I came across this recently  and thought it was a good idea.  https://www.centerquic.com
The price tag of $168 floored me though so I made one,




Here‘s a picture with the spindle turning.  The naked eye sees it as a complete circle.





The best repeatability I could get was about 0.01” for a center punch mark.  I was consistently within 0.003” when centering between two lines about 1” apart.


----------



## RobinHood (Jun 20, 2021)

Always wondered about the accuracy, now I know. What do you think is the limiting factor? Beam width?


----------



## Johnwa (Jun 20, 2021)

I think the width does have an effect.  The laser I have isn’t focusable  so I couldn’t change that.  I think that was why it was a bit more accurate when centering between two lines as it was easier to tell when the beam just touched the line.  A magnifying glass might have improved it a bit.  It’s also a matter of where you’re looking from.  I had the best results when lined up parallel to an axis.  Also my laser didn’t intersect the axis of the spindle so the smallest circle i could get was about ½” D.  A smaller circle might have improved the center punch test.


----------



## YYCHM (Jun 20, 2021)

I fail to see the principle of this?

I have a laser pointer on my drill press.  Horrible thing, I gave up on it.


----------



## Johnwa (Jun 21, 2021)

@RobinHood centerquick‘s video claims an accuracy of 0.002” so mine isn’t wildly off.
I also found this video of a fairly nice DIY version.
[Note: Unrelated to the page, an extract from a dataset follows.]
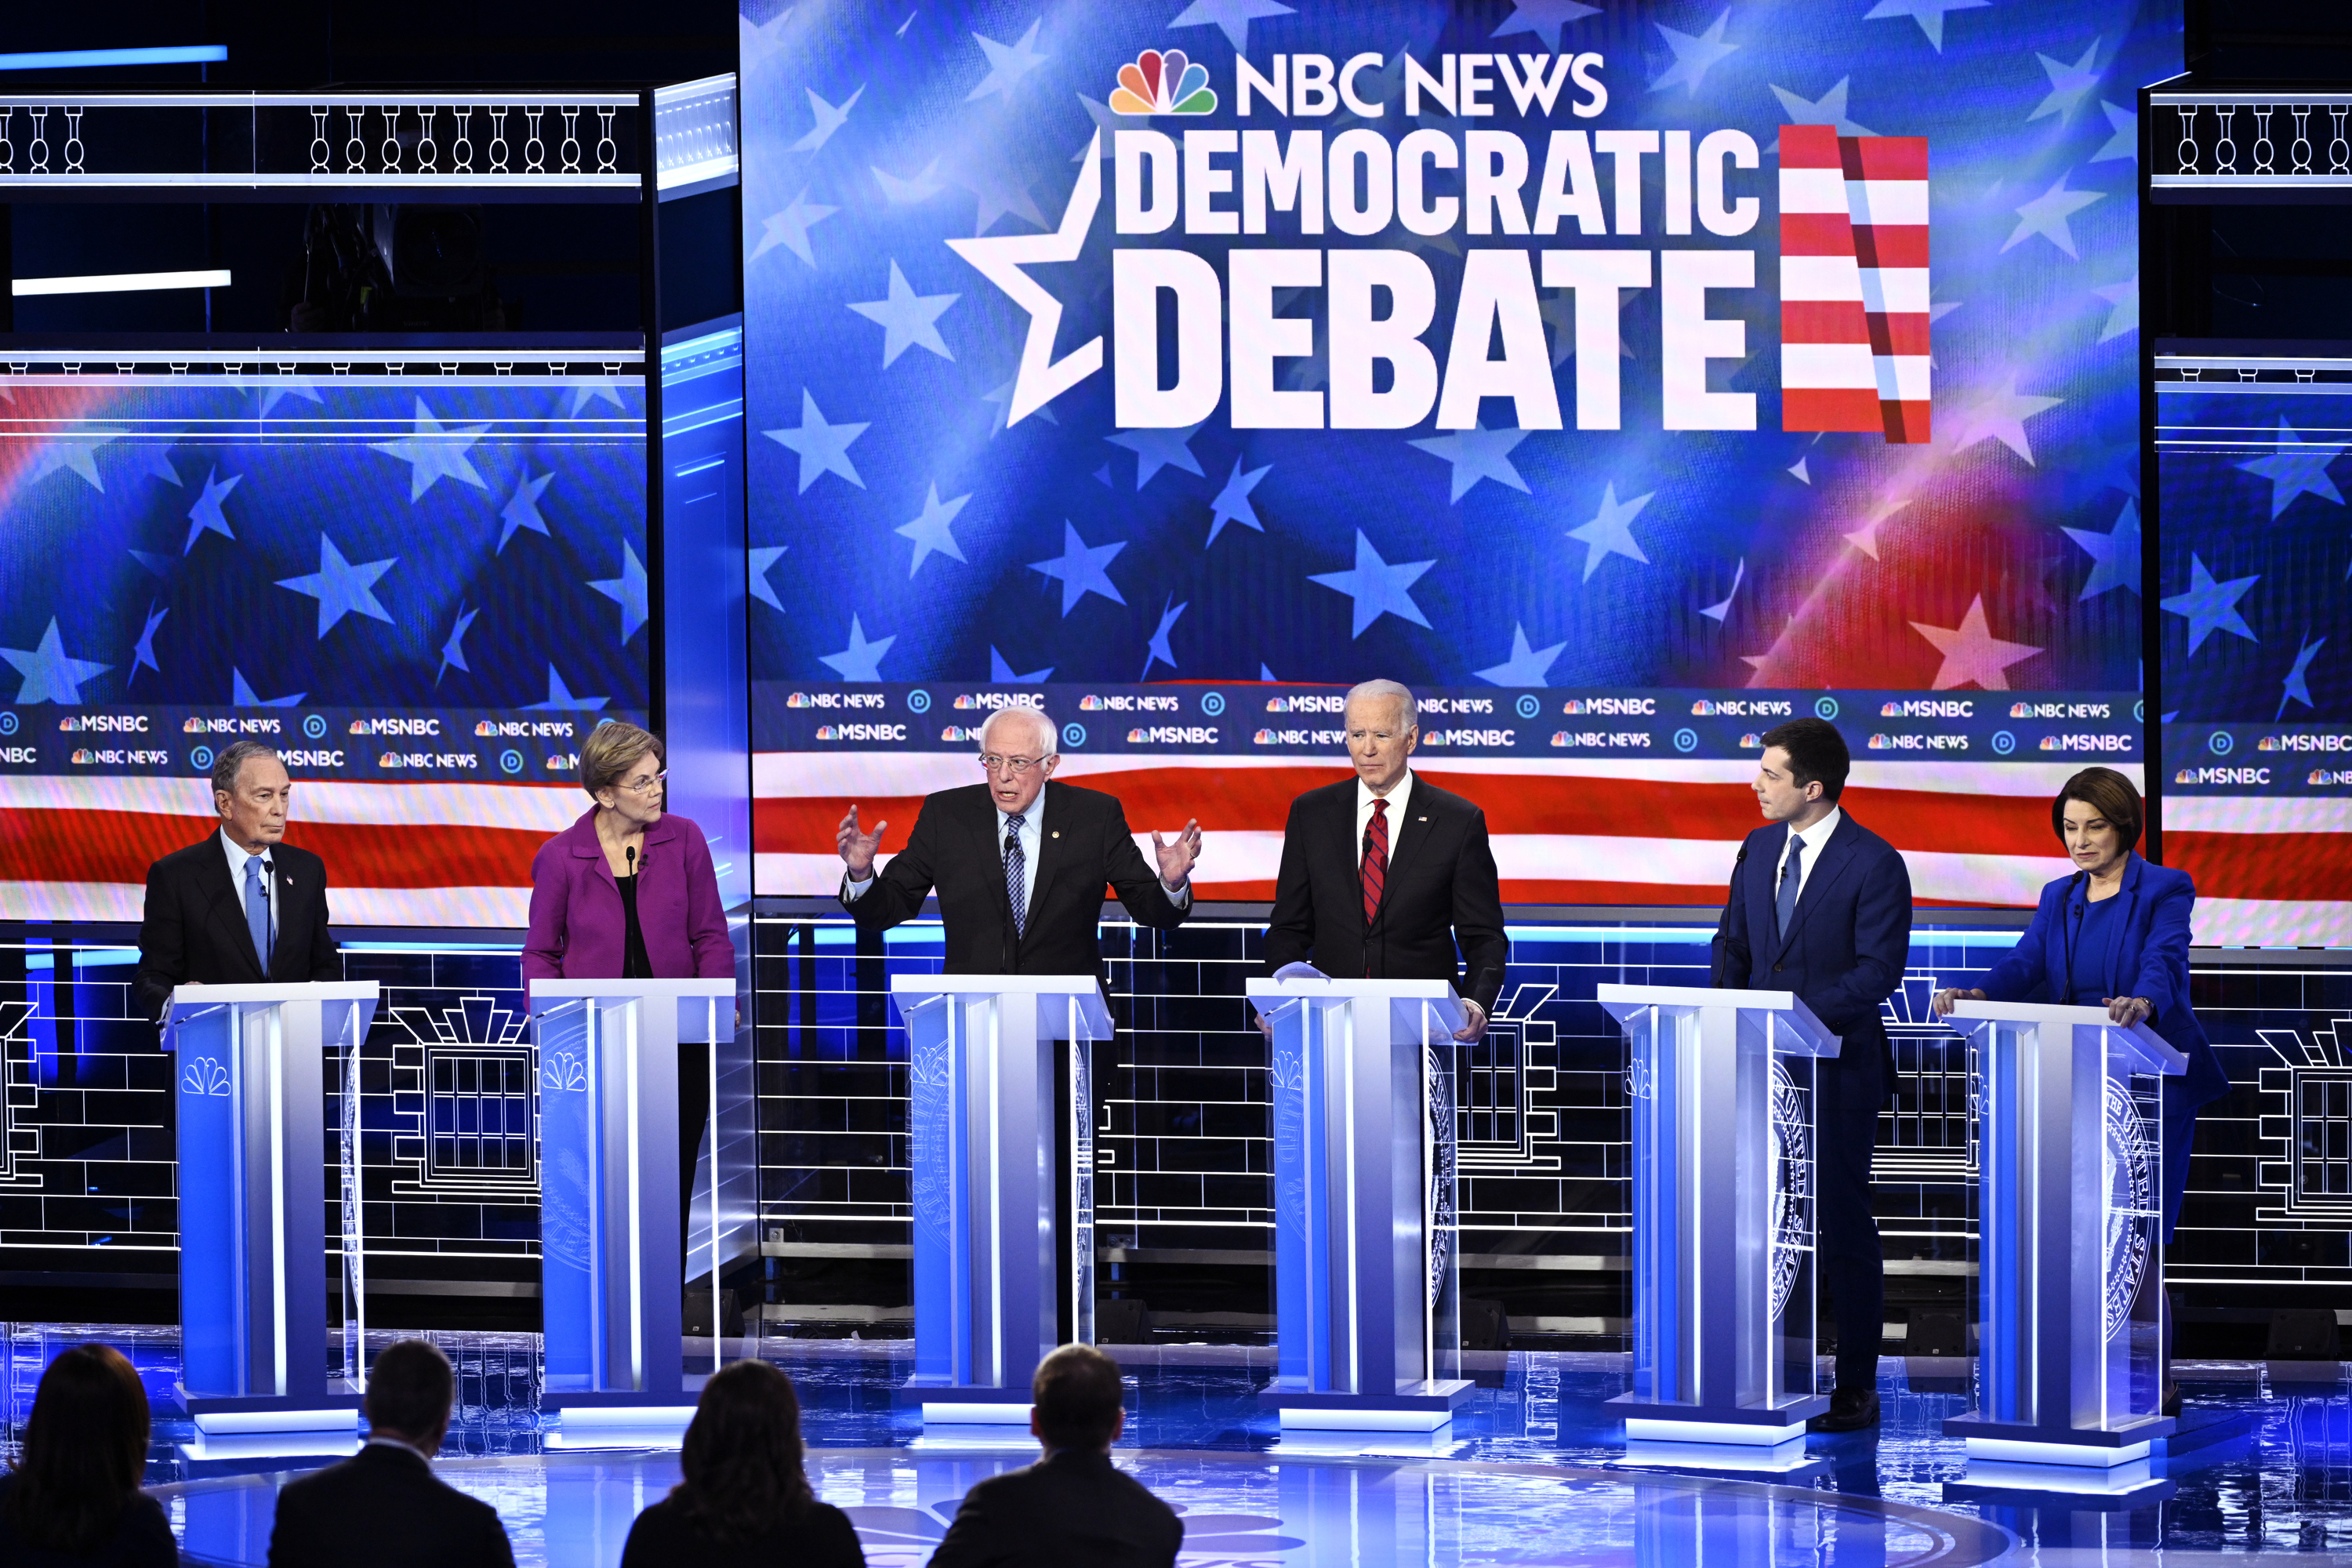 Six candidates — Mike Bloomberg, Elizabeth Warren, Bernie Sanders, Joe Biden, Pete Buttigieg, and Amy Klobuchar — at a Democratic debate onstage behind podiums with an NBC News backdrop

He uses a focusable laser from a laser level and says he can get a finer line.   I’m going to have to check the one in my junk box.


----------



## DPittman (Jun 21, 2021)

Nice job.  Yes I thought those gadgets looked useful but terribly over priced too.


----------



## combustable herbage (Jun 21, 2021)

I think if you had one that focused you could change that focal point and sharpen up the line, I am also curious of what angle you drilled the hole for the laser I am thinking if it is a smaller angle it would be better for keeping the circle smaller and a bigger angle would make the circle larger.  I think with a little playing you could find something that would work well in the normal range that you drill/mill, The one they are selling is universal so I think thats why they want so much but to me it would be more cost effective to make one for each machine you have.  It is definitely a handy idea.


----------



## Tom Kitta (Jun 21, 2021)

Best part is you can freely make copies and even sell them - they cannot patent it and if they did you can easily kill it with previous art. I.e. they themselves copied someone else's idea. See for example: 




and there are even detailed instructions how to make one:  https://www.instructables.com/Laser-Centreedge-Finder-for-a-Mill-or-Drill/

Here is actual inventor (probably) - 




I.e. its been around almost 10 years!


----------



## Johnwa (Jun 21, 2021)

I tried to drill the hole for the laser at about 14 degrees.  That would give me the smallest circle about 6-7 inches down.  Unfortunately the beam misses the spindle axis by about ¼” so the smallest circle is ½”.   If I make a final version I’ll make the angle adjustable.


----------



## Janger (Jun 23, 2021)

I think this is a job for a 3D printer. Model something up John!


----------



## Janger (Jun 23, 2021)

Tom Kitta said:


> Best part is you can freely make copies and even sell them - they cannot patent it and if they did you can easily kill it with previous art. I.e. they themselves copied someone else's idea. See for example:
> 
> 
> 
> ...



Gotta love Dan! That's a great video. 

I ordered the lasers to make one of these - it's on the endless project list!


----------